Cela a deux conséquences :
- le tronc devient mécaniquement plus solide, car ses fibres ne sont pas perturbées par l’inclusion de branches mortes ;
- l’arbre supprime des portes d’entrée potentielles pour des pourritures de cœur.
Marc-André Sélosse souligne l’importance de ce phénomène ordinaire mais rarement remarqué. Il est particulièrement visible sur des arbres introduits, comme le douglas, lorsqu’ils n’ont pas avec eux leurs agents d’élagage habituels : les branches mortes restent alors en place.
C’est un très bel exemple du rôle des microbes dans la morphogenèse des plantes, et du rôle de la mort dans le développement.
Les insectes xylophages sont souvent en réalité mycophages
En observant du bois pourri traversé de galeries, Marc-André Sélosse montre que les insectes dits xylophages ne digèrent en réalité pas vraiment le bois lui-même, surtout pas la lignine. Ce qu’ils mangent surtout, ce sont les champignons — et parfois les bactéries — qui colonisent le bois.
Ils avalent du bois, le mastiquent, en extraient les jus et le contenu microbien, puis rejettent une matière ressemblant parfois plus à du bois broyé qu’à de véritables crottes. Dans certains cas, comme chez certains sirex, les œufs sont même pondus avec le champignon symbiotique qui colonisera d’abord le bois.
Ainsi, derrière la xylophagie, il y a souvent une mycophagie obligatoire.
Les champignons comme base de chaînes alimentaires
Les champignons sont donc aussi des ressources alimentaires pour de nombreux organismes.
Les larves de diptères mycophages, comme les Mycetophilidae, se développent obligatoirement sur les champignons. Des limaces consomment aussi des champignons, parfois toxiques pour l’homme comme l’amanite phalloïde, sans en souffrir. Cela rappelle que les spectres de toxicité diffèrent selon les groupes.

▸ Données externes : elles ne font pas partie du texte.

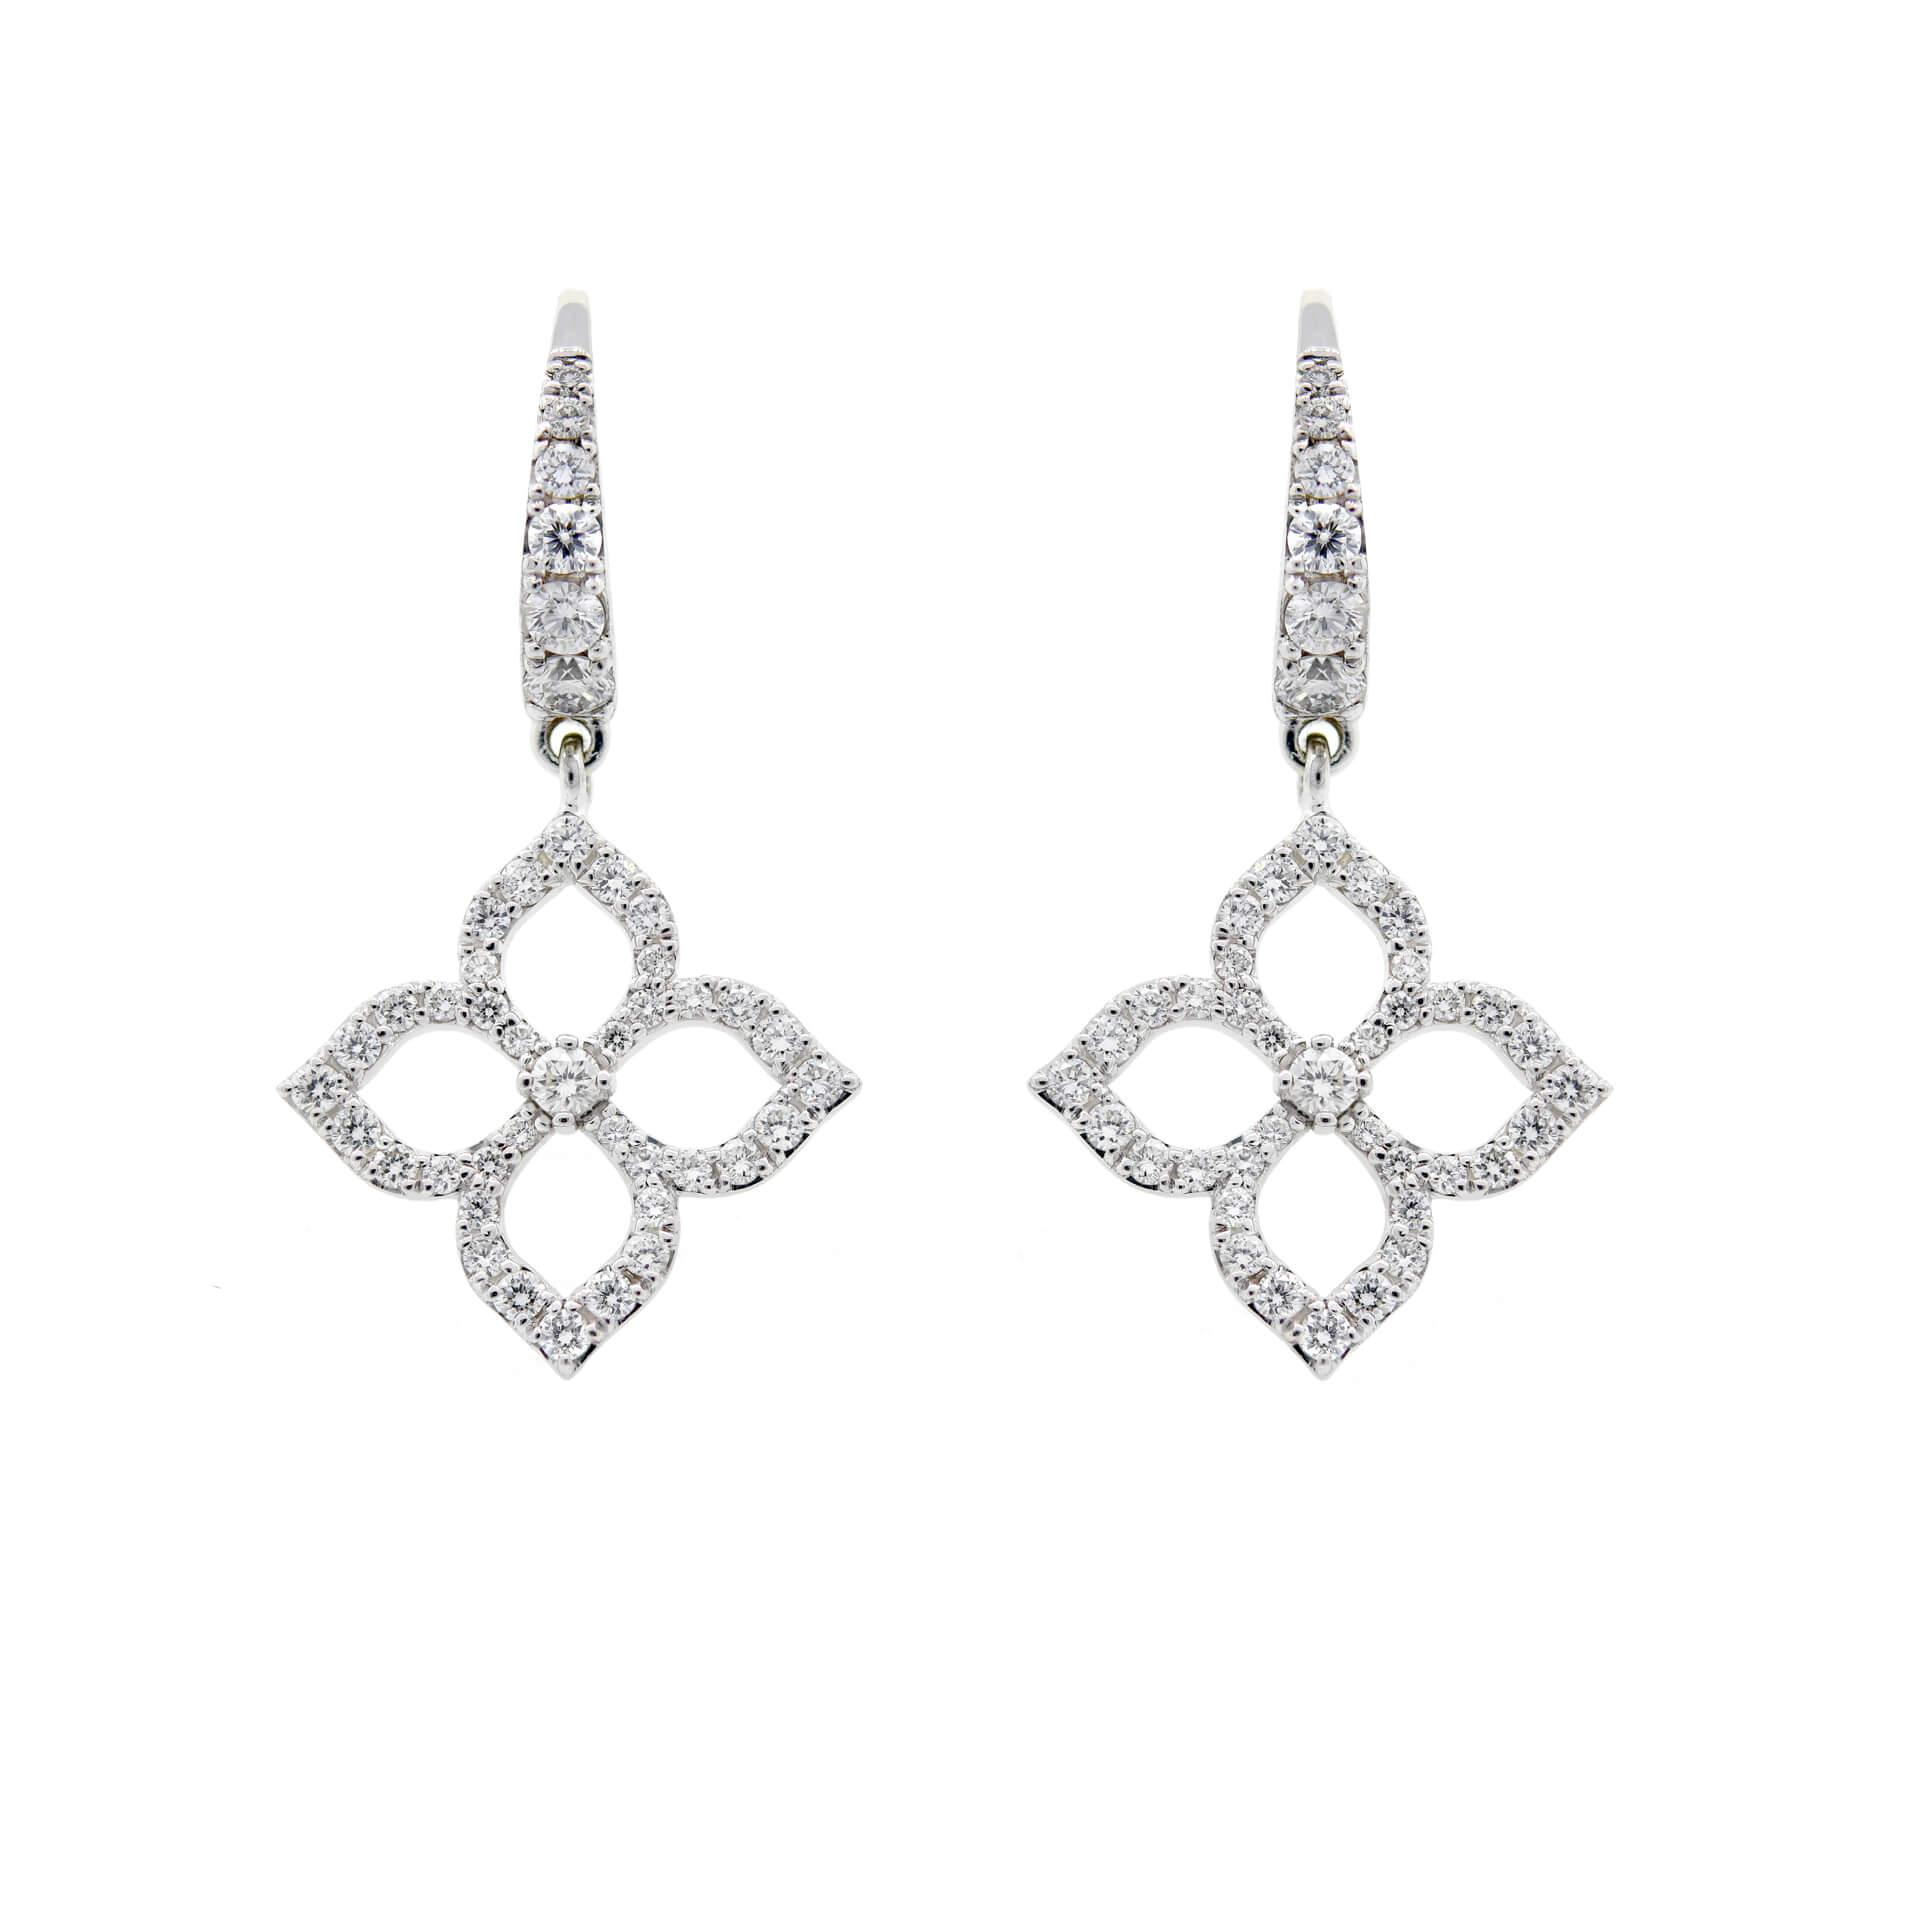 White Gold Diamond 4-Petal Flower Earrings

Les insectes qui exploitent le bois colonisé par les champignons nourrissent ensuite d’autres animaux, comme les pics, qui creusent les troncs pour les capturer. Lorsqu’on entend un pic en forêt, cela raconte aussi une histoire de champignons : il se trouve au sommet d’une chaîne trophique dont les champignons constituent la base.
L’homme lui-même est un mycophage facultatif, et Marc-André Sélosse rappelle que cette consommation varie selon les cultures.
Conclusion : les champignons comme porte d’entrée vers le monde microbien
La sortie visait à montrer que les champignons sont là et visibles, même en l’absence de fructifications : par leurs mycéliums, leurs effets sur les substrats, leurs odeurs, leurs goûts, leurs structures sur les racines ou les feuilles.
Ils sont des agents majeurs du fonctionnement des écosystèmes forestiers :
- parasites biotrophes ou nécrotrophes ;
- saprophytes recyclant bois et feuilles ;
- mutualistes dans les mycorhizes et les lichens ;
- ressources alimentaires pour de nombreux animaux.
Parce qu’ils peuvent émerger dans le visible, soit par leur appareil reproducteur, soit par leur appareil végétatif, ils constituent aussi une excellente porte d’entrée pédagogique vers le monde microbien, plus facile à montrer sur le terrain que les bactéries.